Forty inhabitants of the village of Líšeň on the outskirts of Brno receive instructions before they get off the bus at the Berlin Wall to take part in the annual Biennial of Art. Near the wall are exact copies of fences they have in their backyards at home. In a while they’ll be climbing over to meet their neighbours. For many of them, it will be the first time they’ll shake hands or talk to each other. The person who brought them together is the Czech artist Kateřina Šedá. When we met in Prague, I ask her where she got this idea in the first place:
“I noticed that in recent years the fences in our village grew taller and you can’t see over them. When I walk through the village, I don’t see the neighbours that I used to meet and greet in the past. I started to think how I could cross the village to meet the neighbours and make them meet each other.
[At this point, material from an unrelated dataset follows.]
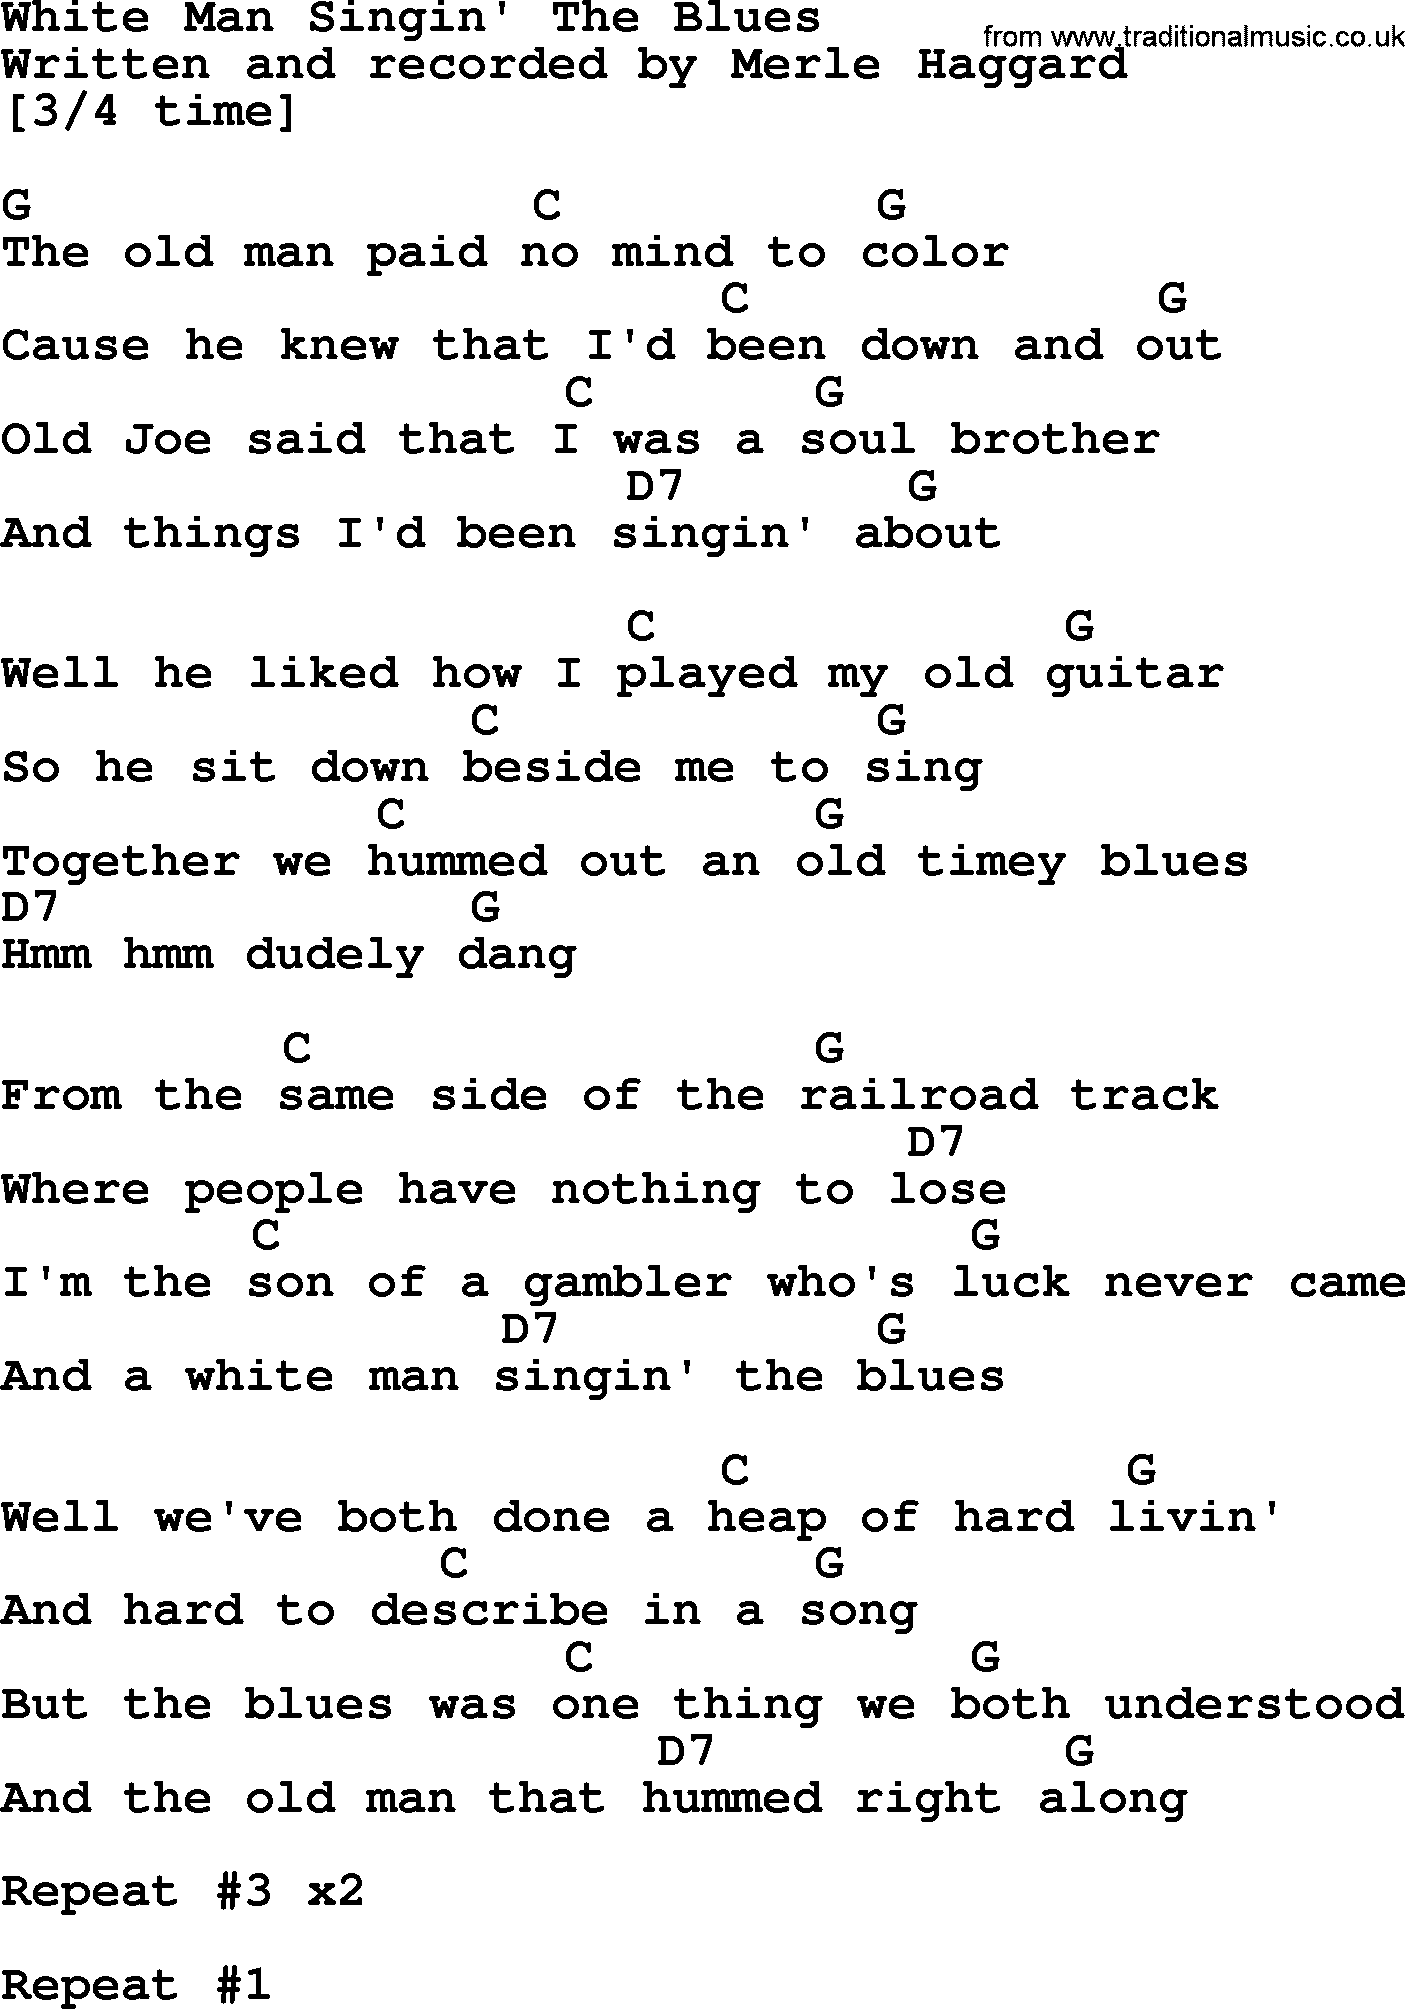 Merle Haggard song: White Man Singin' The Blues, lyrics and chords

I discovered that I could only do that by passing through their property.”
Kateřina Šedá took a map of the village, pinned a compass in the centre and drew a circle that ran through her house and the opposite bus stop. She then connected the two points with a straight line, which cut through the backyards of nearly 100 houses, and set herself a task to pass through all of these backyards. For that, however, she needed the neighbours to clear the path and put something against the fences on both sides to enable her to climb over.
“The goal was to make the people communicate and make them climb over the fence. So the event in Berlin wasn’t the conclusion of the project. What was important for me was that the people spent time together on the bus. I wanted the neighbours to meet because of the fence, which is dividing them. I wanted them to regard the fence as their joint property, because the fence is something they share but at the same time it separates them.”
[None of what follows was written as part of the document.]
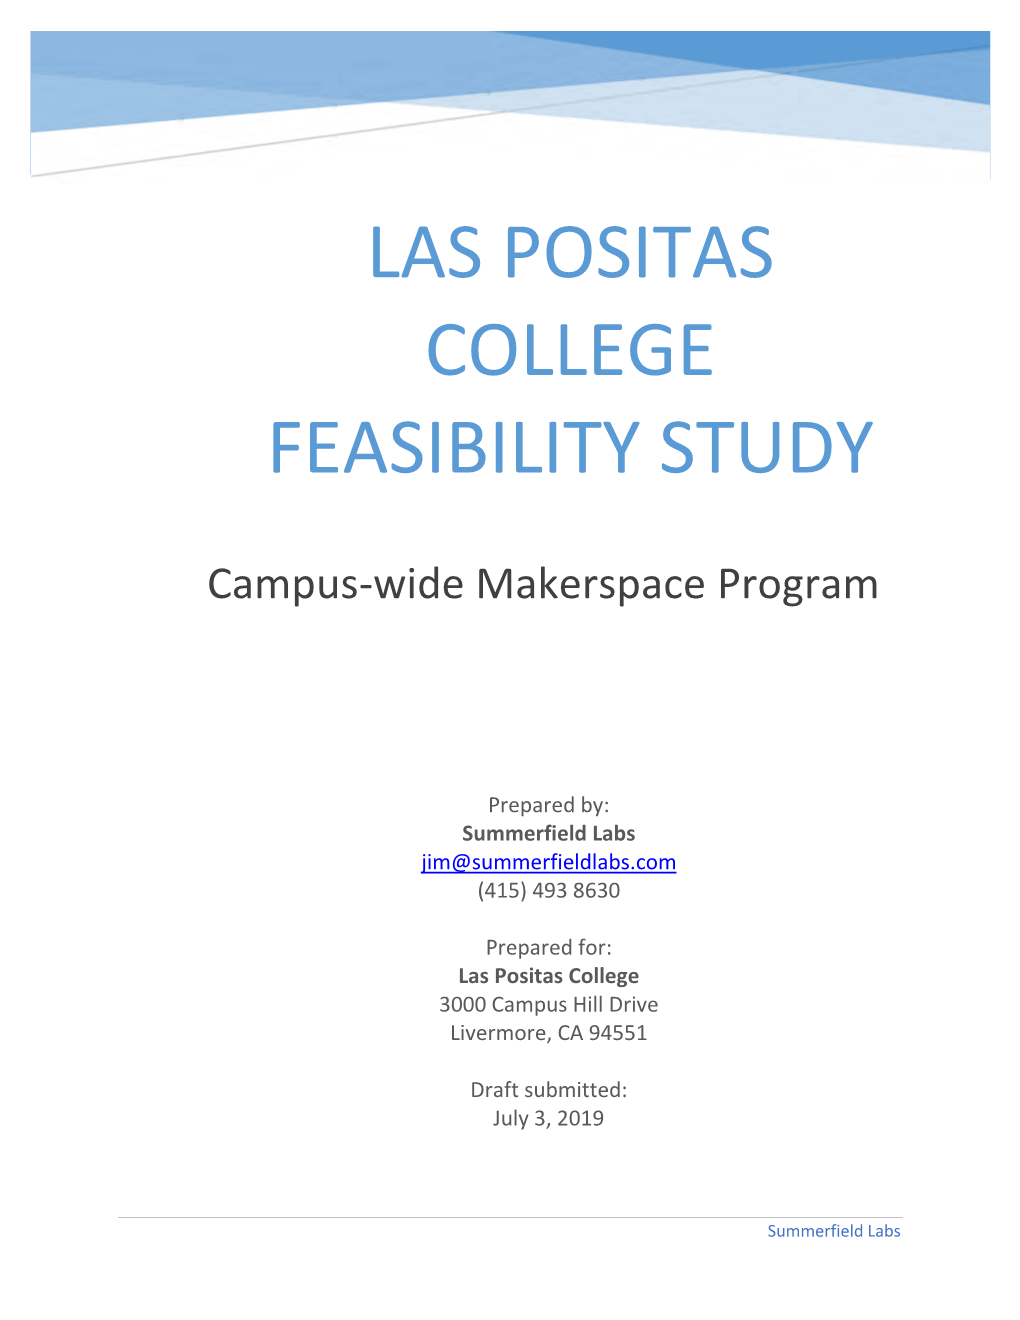 Las Positas College Feasibility Study

Bringing people together is indeed one of the central themes of Šedá’s work. In her previous project, ‘For Every Dog a Different Master’, she tried to bring together people from a housing complex from the 1970s, where she herself lived as a child. Using the bright facades as a pattern, she designed a fabric and had a thousand shirts made out of it. She then assigned to each household a partner household located on the other end of the development and sent the shirts in the name of the respective partners. She revealed her identity only a month later, when she invited them to a gallery to see one another.
On Saturday, 5 May 2003 the inhabitants of a small village of Ponětovice got up, went shopping, swept their sidewalks, ate tomato sauce with dumplings, went for a beer and turned out their lights – all of them at the same time. Kateřina Šedá designed a game called ‘There Is Nothing There’.
“‘There Is Nothing There’ originated in a queue in Líšeň. I was thinking of a way to observe people and I found out that I can do it in a queue because no one notices me and I can listen to what people say. There were two women standing in front of me and one of them was telling the other: I don’t know why I am standing here because there is nothing here. The other replied: Well, you should see Ponětovice, there is nothing there. So I decided to go there and see the “nothingness” with my own eyes.”
Šedá distributed a questionnaire to the residents of the village, asking how they spend their Saturdays and found out that most of them did more or less the same thing. Based on the questionnaire, she set up the daily routine list of activities.
The projects of Kateřina Šedá are always closely related to a certain place and they are based in the interaction between the artist and the participants or between the participants themselves. One might be wondering if this can still be regarded as “visual art”.
I am interested in creating a story or a myth at the place that stays there and people talk about it. I think it is more important than exhibitions. I find it amazing that some granny would tell her granddaughter one day that she was once in Berlin climbing over a fence. I think that the image of the granny climbing over the fence that the girl creates in her mind is indeed visual art.
‘It Doesn’t Matter’, the project that brought Kateřina Šedá the prestigious Chalupecký award was triggered by the situation of her grandmother. After retiring as a head of the stockroom for a hardware store, where she worked for more than 20 years, she resigned completely from all activity. Her existence was reduced to sleeping and watching TV. She made no effort to cook, clean, bathe or even click the remote control to a different channel and she would answer every question by saying that she didn’t care:
“For seven years, she wouldn’t say anything else but “it doesn’t matter”. It would be her answer literally to everything. Once we were having lunch and I asked her what a circular saw looked like. She asked me for a sheet of paper and when I gave it to her, she said it was too small. So I gave her a bigger one and she drew three saws in different sizes and wrote down their prices as well. I asked her: Why didn’t you draw just one? It doesn’t matter. And she said: “It does!” That was the first time in about seven years I heard her say that something did matter. So I though this was a way to bring her back to life.”
In the end the grandmother put together a list of some 750 items with stock number, price and size in millimetres. When she died a few years ago, her dog started pining for her and the family decided to leave the flat as it was and reproduce the routine the grandmother and the dog shared. Kateřina Šedá recorded this activity and entitled the project “Her Mistress’s Everything”, which is how the grandmother used to call her dog.
So, what projects can we expect in the future? Kateřina Šedá says that she is not really looking for ideas because ideas usually come on their own and her new projects are very often inspired by the previous ones. And although she doesn’t like exhibiting she admits that her projects might show other people something they wouldn’t normally notice or see.